By Ross Kelly and David Rogers 

SYDNEY--A China-led takeover of Australian iron-ore miner Aquila Resources Ltd. faces a potential roadblock after a rival mining company snapped up a significant chunk of Aquila's shares.

A rival bid would complicate Beijing's efforts to accumulate offshore mineral assets considered crucial to its long-term economic development.

Australia's Mineral Resources Ltd. on Wednesday bought at least 12.1% of Aquila at a 10% premium to the price offered by China's state-owned Baosteel Group and partner Aurizon Holdings Ltd., two people familiar with the matter said. The Chinese-led bid values Aquila at 1.4 billion Australian dollars (US$1.3 billion).

Earlier in the day, Aquila had reported that 50 million of its shares changed hands in a block trade carried out at A$3.75 each, followed by additional large transactions at the same price. Baosteel bid A$3.40 a share.

It wasn't immediately clear why Mineral Resources--which has a market value of A$1.9 billion--might have bought the stake. The shares would give the company a chance to influence the development of Aquila's prized iron-ore project in Western Australia, which has an estimated development cost of A$7.4 billion. Mineral Resources also has an iron-ore processing business that could benefit once Aquila's project begins producing.

Aquila's shares rose to more than a two-year high Wednesday, closing at A$3.61 each--some 6% above Baosteel's bid. The Chinese steelmaker and its Australian partner may now face pressure to raise their bid. They may also be wondering whether Mineral Resources is planning its own takeover move on Aquila with an as-yet-undisclosed ally.

Mineral Resources is "dipping their toes into the water with several options," said Gavin Wendt, a Sydney-based analyst at consultancy Minelife, which specializes in the resources industry. "It could be opportunistic and they'll push the Chinese to pay a higher price, or they could see longer-term value in the assets and will want to partner up in getting them developed."

Baosteel, which owns China's largest listed steel mill, bought 15% of Aquila in 2009 when iron-ore prices were rising, and later raised its stake to 20%. It was attracted to Aquila's plans for the new mine, called West Pilbara, which is expected to eventually produce more than 30 million metric tons of iron ore a year.

Baosteel first announced its plan to work with rail-freight hauler Aurizon on a joint takeover offer for Aquila last month.
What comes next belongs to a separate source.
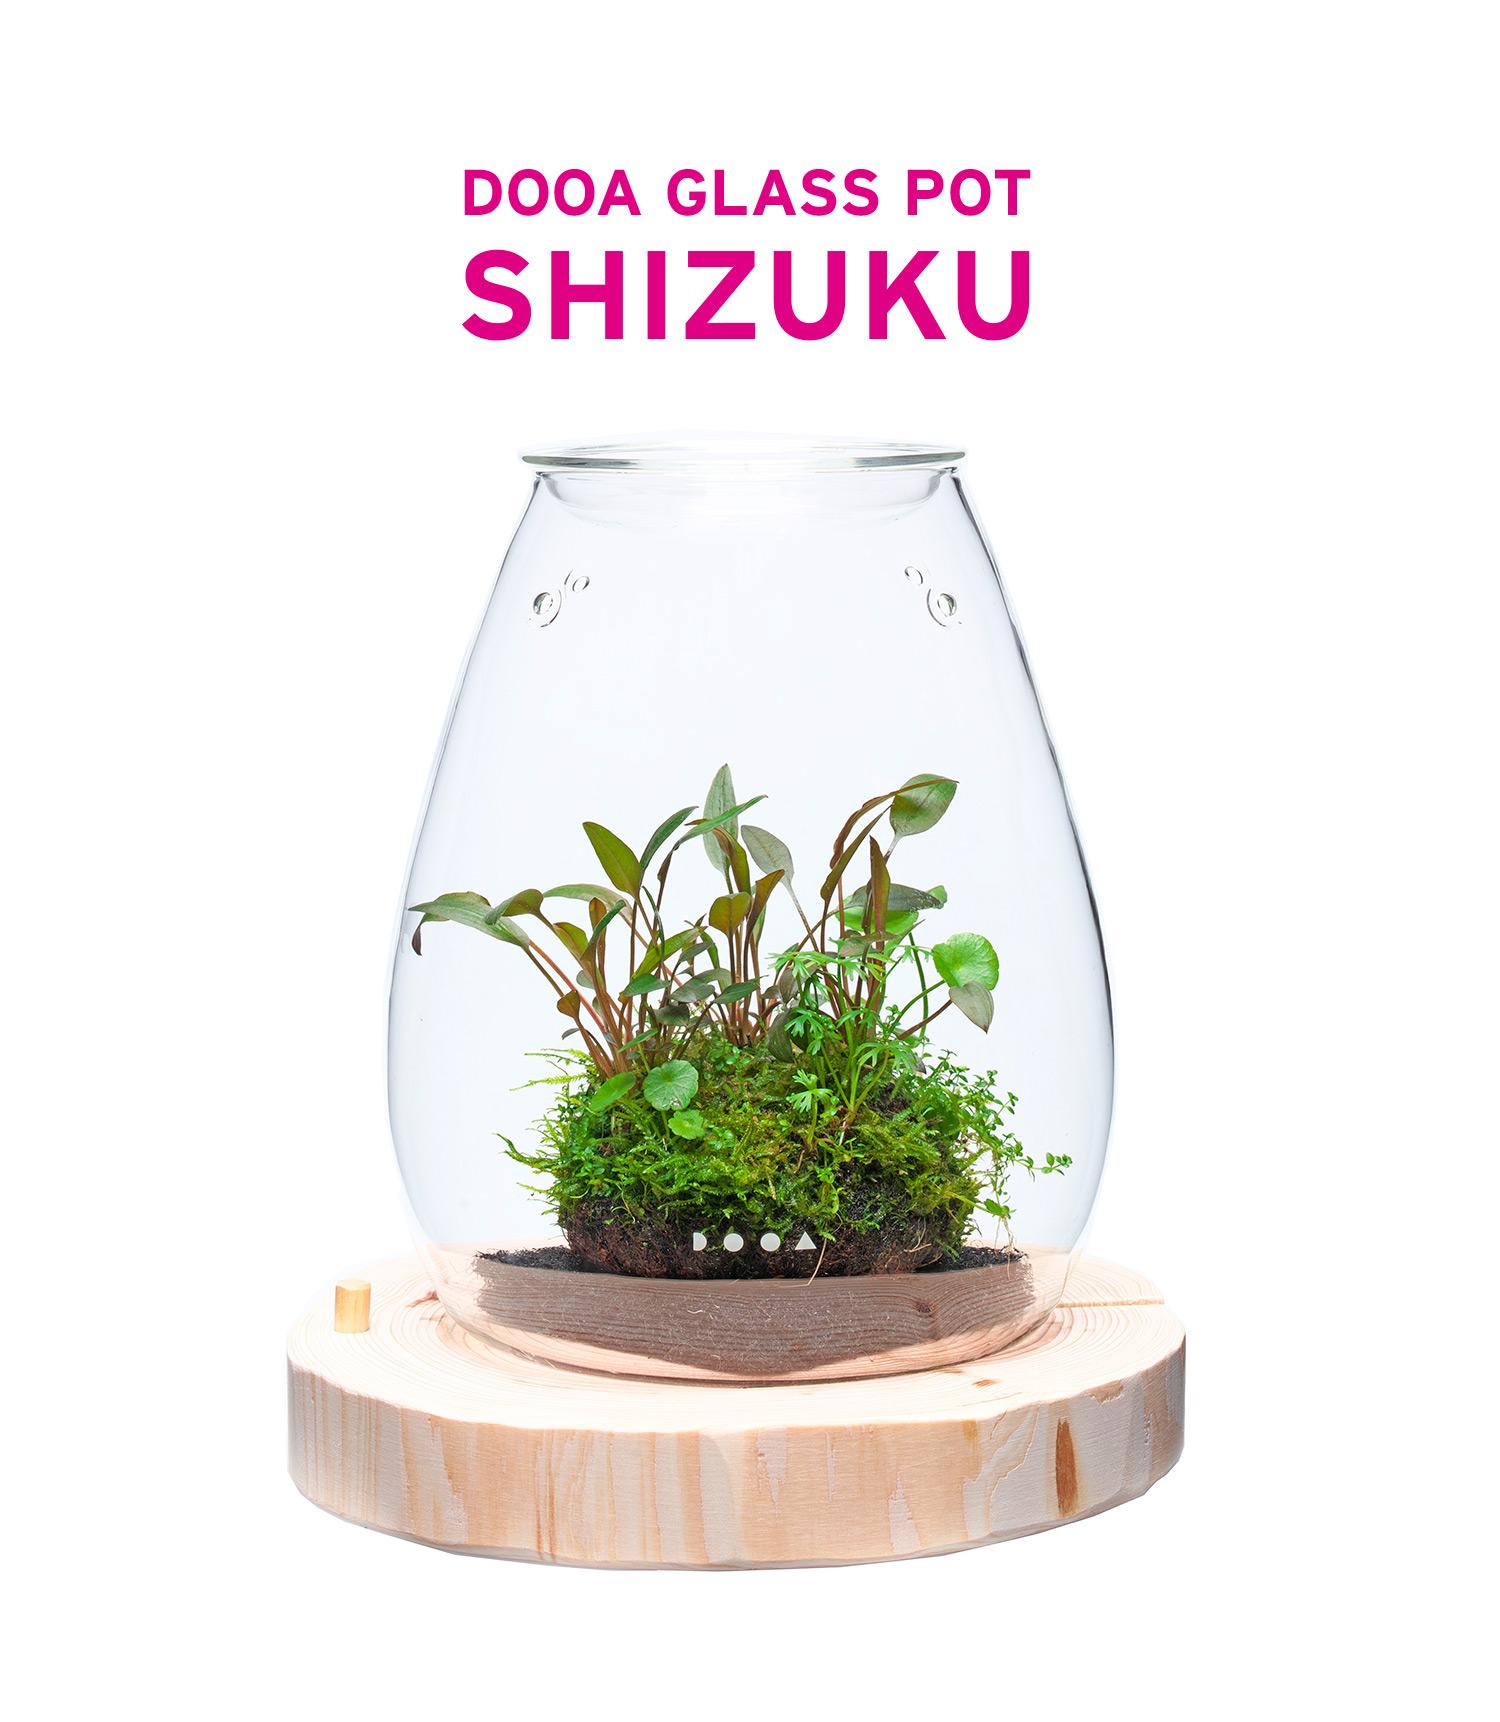 DOOA ガラスポット SHIZUKUってなに?

Under the proposal, Baosteel would own as much as 85% of Aquila, which also owns an undeveloped coking-coal prospect in Queensland state. Aurizon would take the remaining interest.
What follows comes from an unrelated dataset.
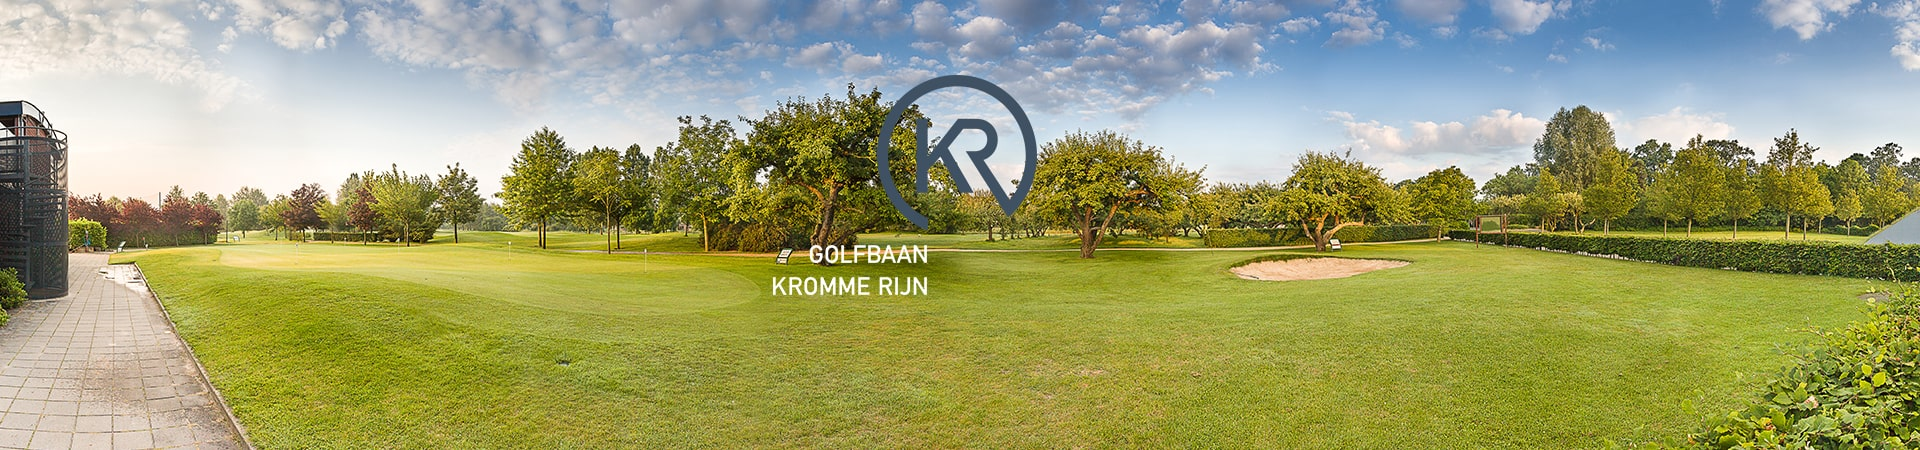 header golfbaan logo 01

Aquila, whose executive chairman and co-founder Tony Poli holds 29% of the company, hasn't so far responded to Baosteel's proposal. The bid was made after Aquila's iron-ore project became steeped in delays and cost blowouts, mirroring other investments by Chinese companies in the mineral-rich Pilbara region of Western Australia.

Mineral Resources, which has placed its shares in a trading halt, wouldn't confirm that it was the buyer in Wednesday's block trade.
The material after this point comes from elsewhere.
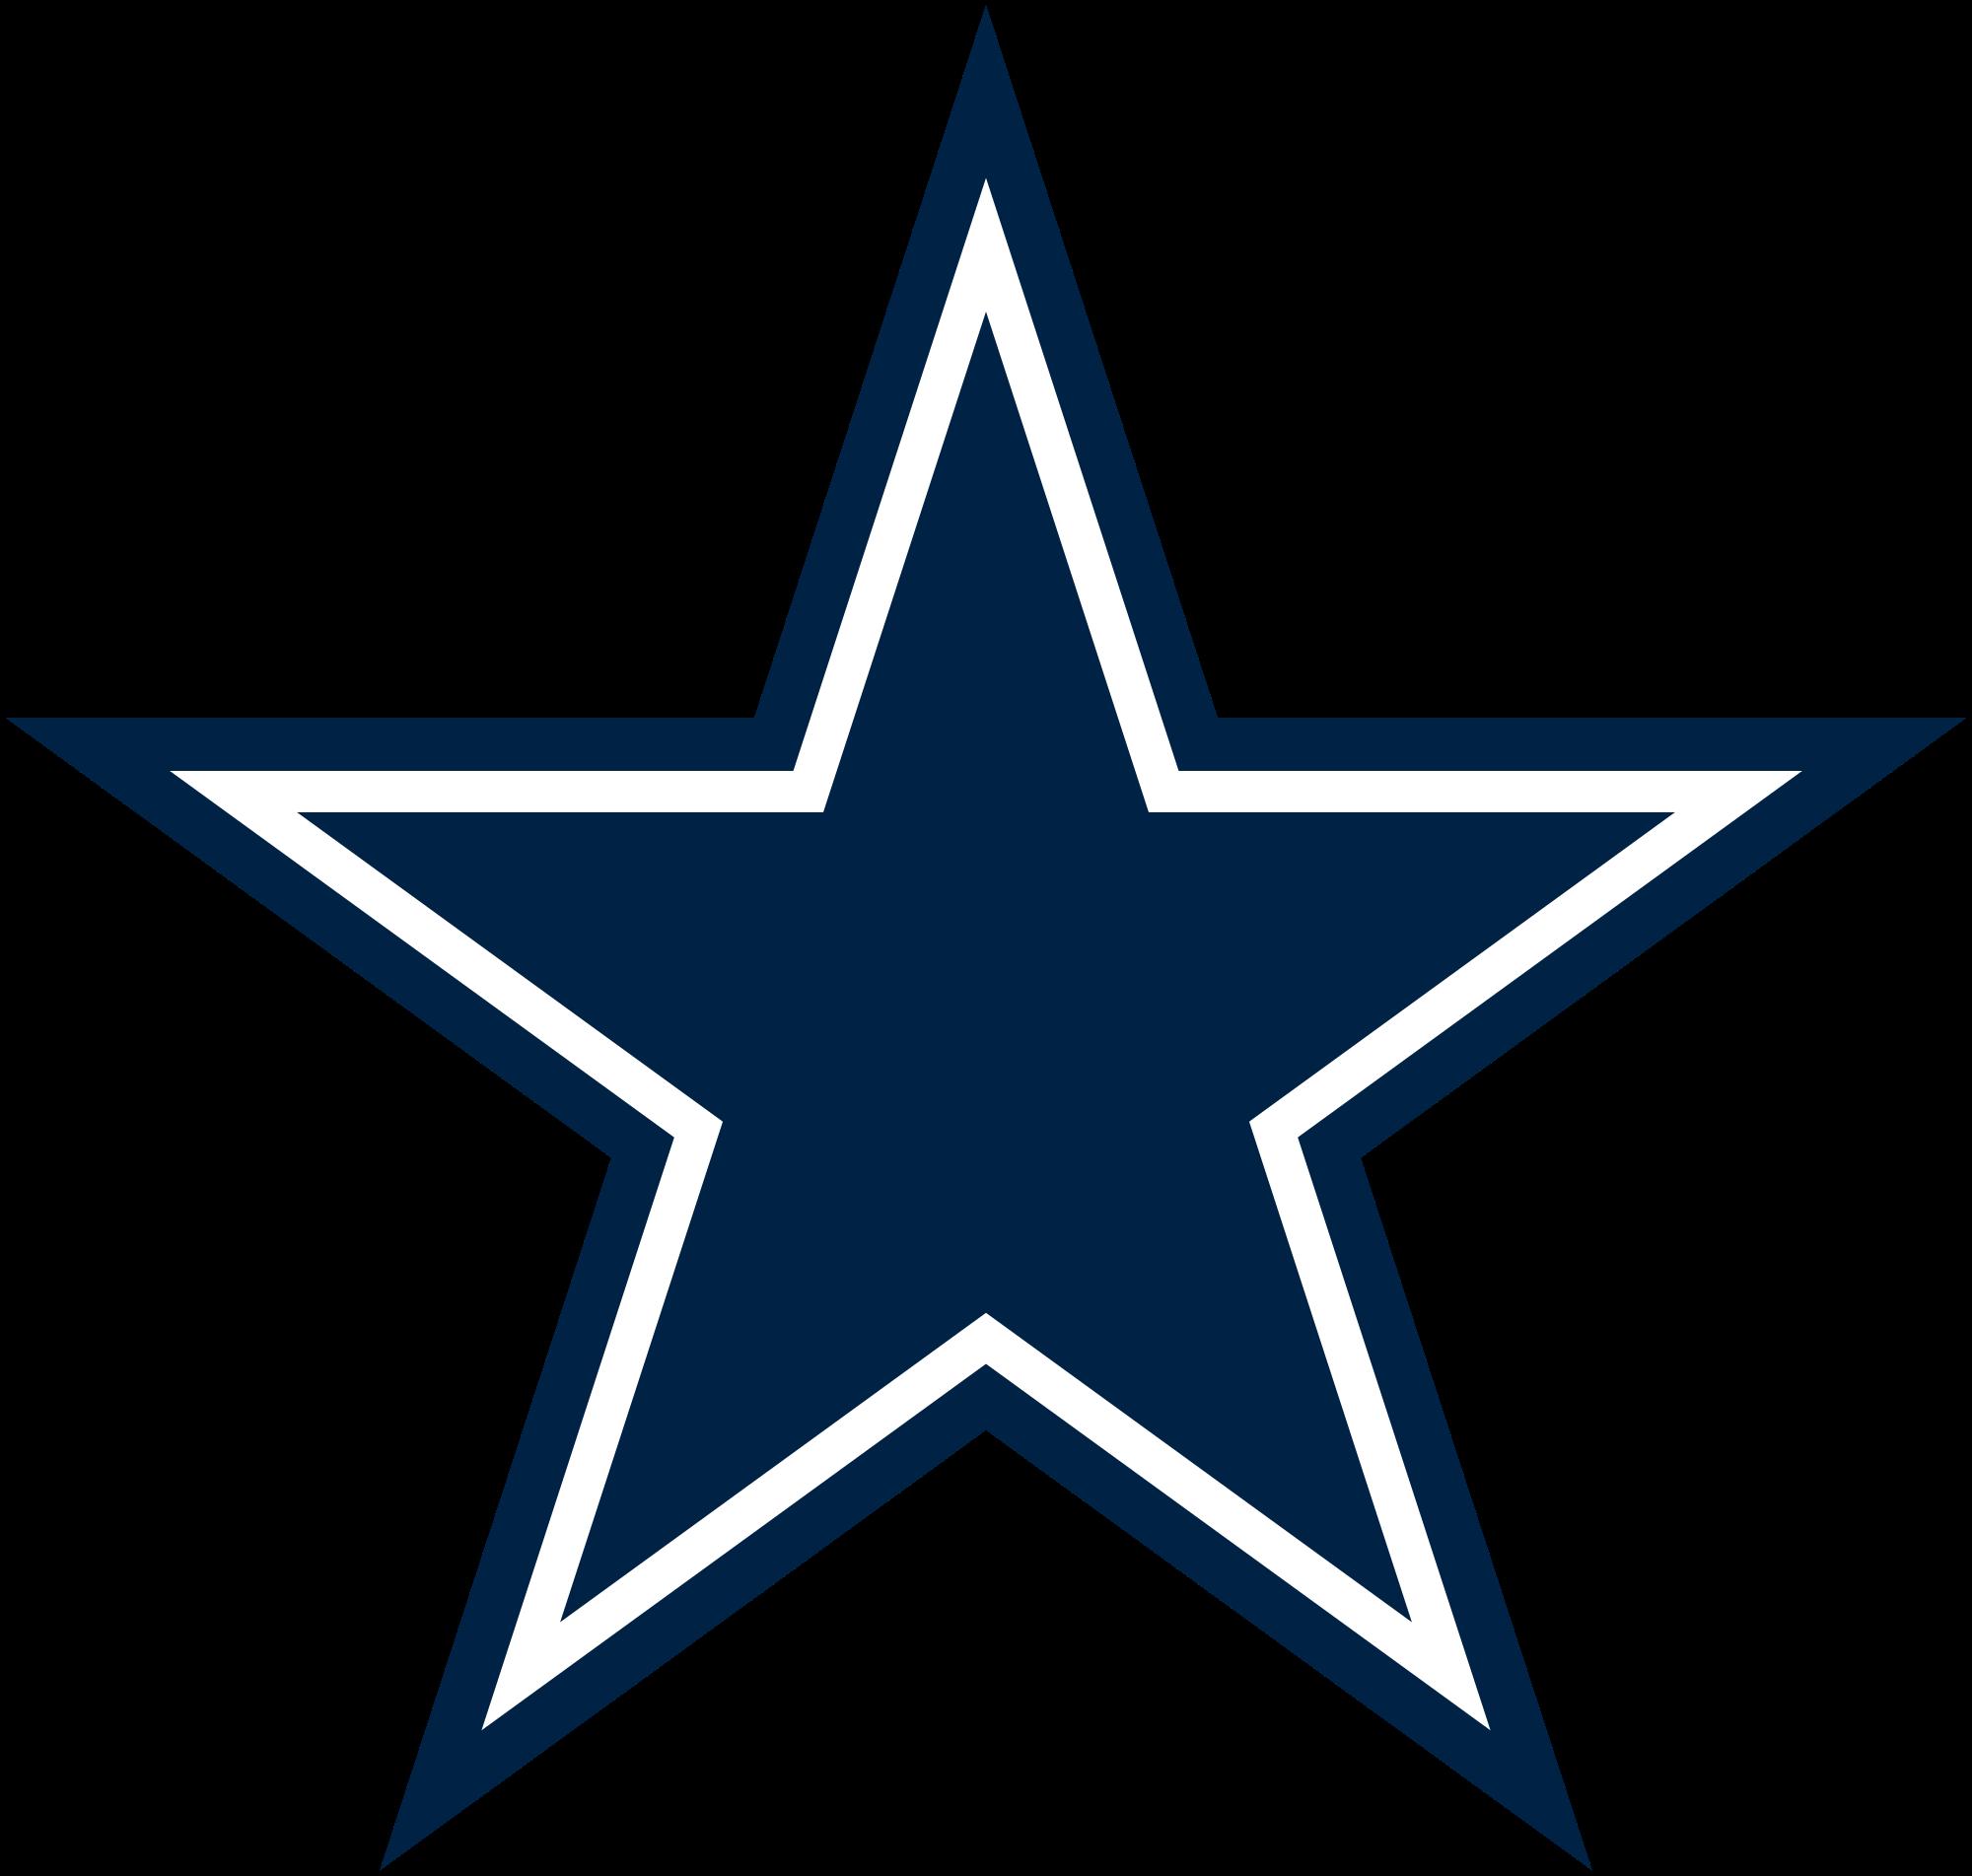 Dallas Cowboys Part Ways with Wide Receiver Dez Bryant

Baosteel couldn't immediately be reached for comment.

China has long relied on Australia for the bulk of its iron-ore imports, which are used to make steel for everything from skyscrapers to limousines. Most of the iron ore is shipped to order from large mining companies such as BHP Billiton Ltd. and Rio Tinto PLC, although a small-yet-growing supply line comes from Australian mines bought by state-run Chinese companies in an earlier wave of deals.

Baosteel's takeover proposal underlines the company's re-emergence as a leader in China's steel industry. It is the first state-owned mill to take up Beijing's call, issued in January, for big Chinese resources companies to acquire more iron-ore assets abroad.

The move also highlights Baosteel's willingness to spend on new investments despite weak steel prices and a gloomy outlook for the industry at home. Iron-ore prices recently fell to their lowest level since late 2012, partly because of concerns about China's steel demand.

Traders have also cited concerns about an emerging oversupply of iron ore as large producers continue to expand their Australian mines.